The search is now more thorough and avoid undesirable side-effects of the previous search engine. Being more thorough, it now also includes a scoring scheme to build candidate systems from sets of detected components (clusters), and can offer several optimal “solutions” (sets of detected systems) based on a combinatorial exploration of detected clusters. See here for more details.

Warning

The search engine being different, one might want to check that models carried from v1 to v2 have the expected behaviour.

Several new features were added, including:

  • a new type of gene component “neutral” was added in order to provide more possibilities for systems’ modelling in macsy-models. See here for more details.

  • a new component feature was introduced: “multi-model”, that corresponds to components that are allowed to participate in occurrences of systems from different models. See here for more.

  • more flexibility was introduced in the search for systems’ components using HMMER. It is now possible to use the cut_ga threshold when provided in the HMM profiles used for components’ similarity search. This enables to have a search tailored for each HMM profile, and thus component. See here for more details.

  • a new file structure was created to better organize MacSyFinder’s packages (i.e. that include systems’ models and corresponding HMMER profiles). See here for details.
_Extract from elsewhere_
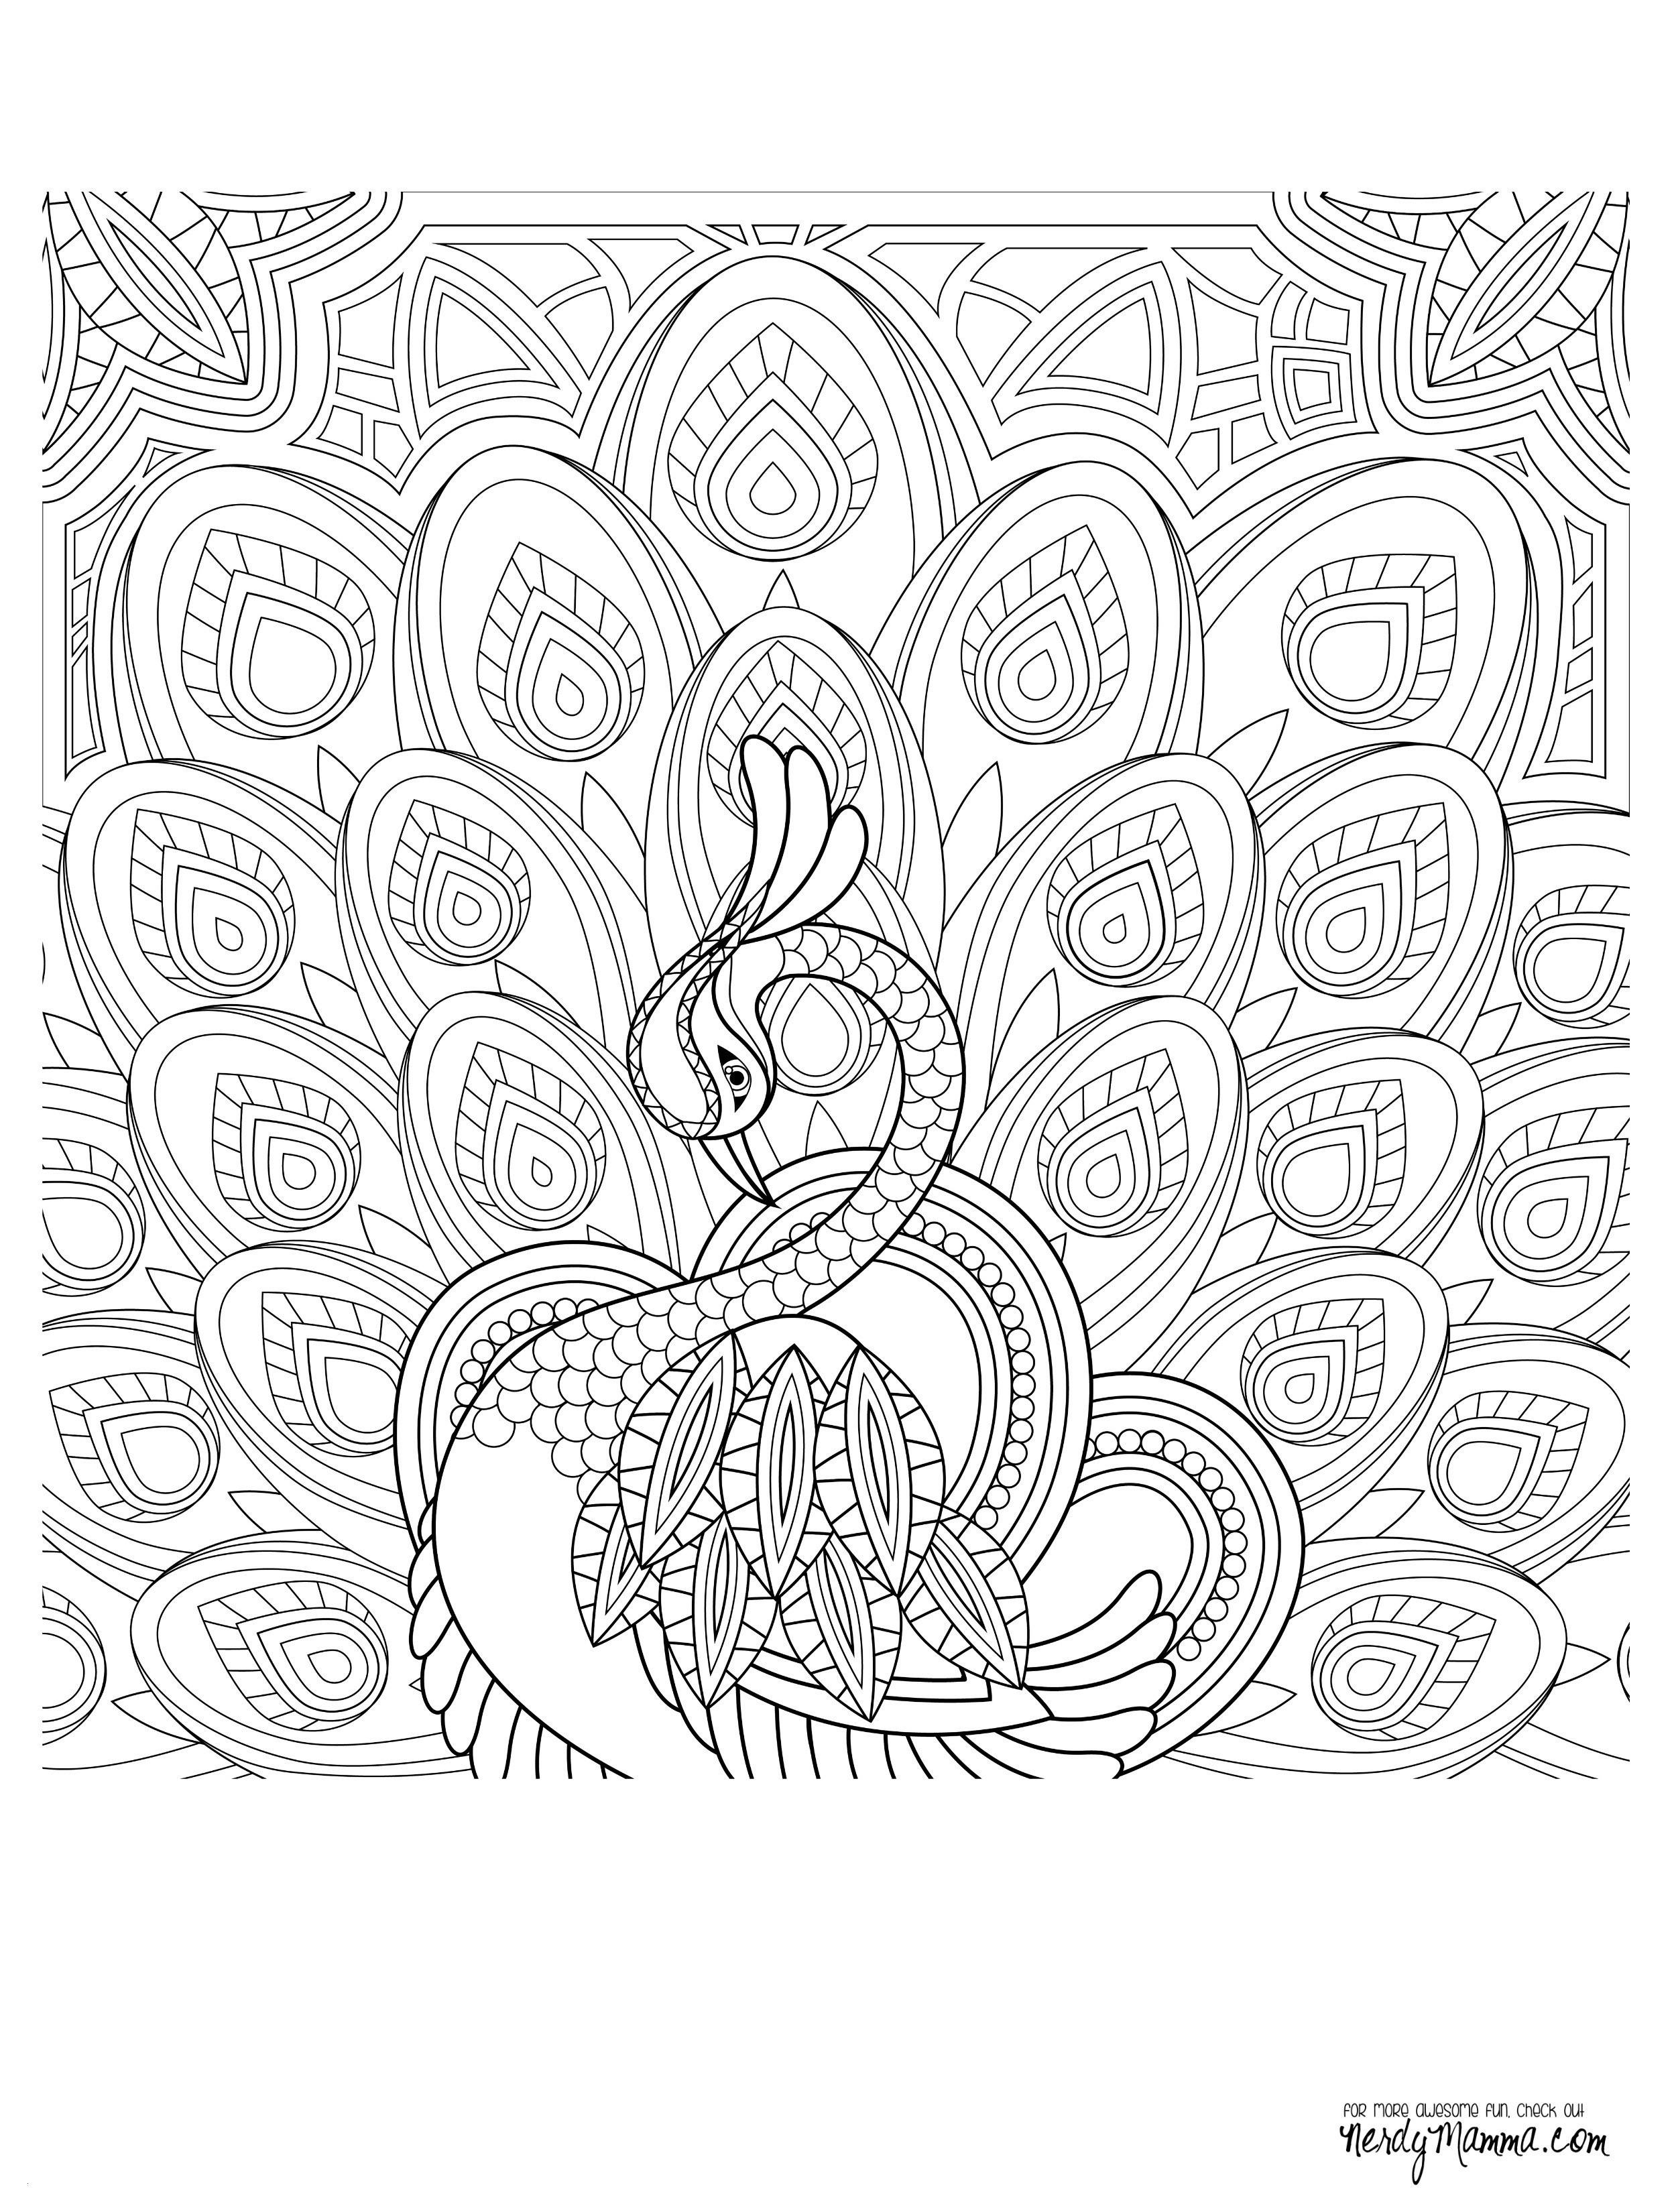 Mandala Herbst Zum Ausdrucken Inspirierend Herz Malvorlagen Einfach Herz Mandalas Zum Ausdrucken – Malvorlagen Bild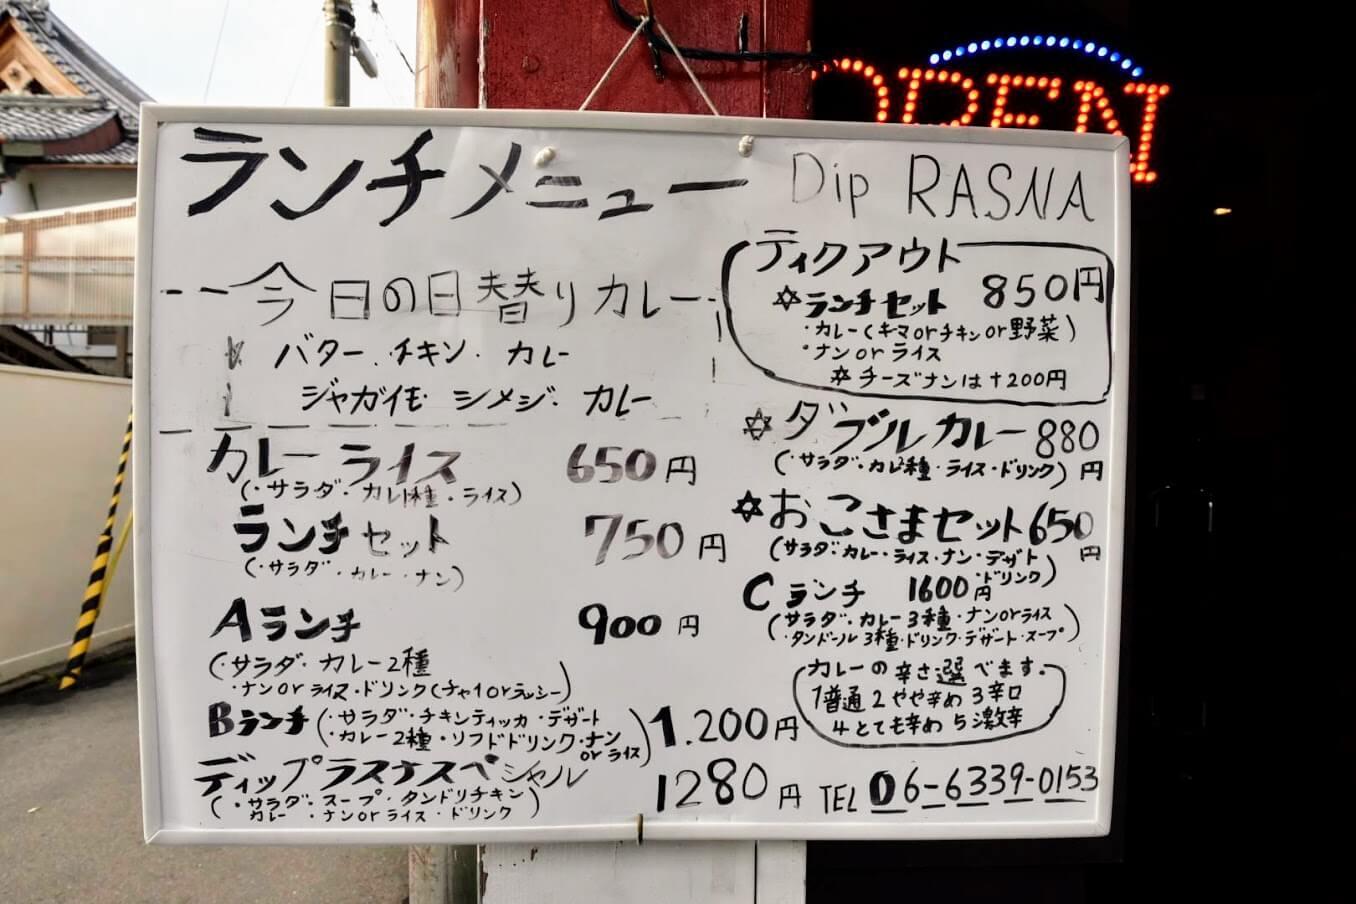 ディップ ラスナ 吹田店のメニュー表

  • a tool to easily install and distribute MacSyFinder’s packages was created. See here for more details on macsydata.

  • the format for MacSyFinder’s models has slightly changed, in order to offer more possibilities, and more readibility. To see how to carry models from v1 to v2, visit here.

Also, the search modes corresponding to “unordered” and “unordered_replicon” were merged into the “unordered” search mode - as they basically correspond to the same behaviour.

Note

In v2, output files were also re-defined. See here for more details.

Dependencies

MacSyFinder v2 no longer requires the formatdb or makeblastdb tools from NCBI. However, new dependencies are used, but as they are Python libraries, it should be transparent for the user, and not require manual installations. See here for details.

Models are more formalized

The models data are more formalized, with a well defined structure. For instance the definitions and profiles must be packed together in what we call a macsy-model package If you intend to model new systems please refer to the Modeller Guide.

Models installation

We now provide a new tool to manage the models. See Models installation with macsydata.

Models configuration

The modeler can provide some spcific configuration values released along the model package. See Model configuration.

Modeller helper tool

To help modellers create new models we provide a new helper tool macsyprofile, which analyses HMMER raw output files from results of a previous MacSyFinder run, to provide information on all hits even if filtered out. See macsyprofile.

Models installation with macsydata provide also some options to help the modeller as

  • macsydata init to init a new model package.

  • macsydata check to check the integrity of a model package, before to use/publish it.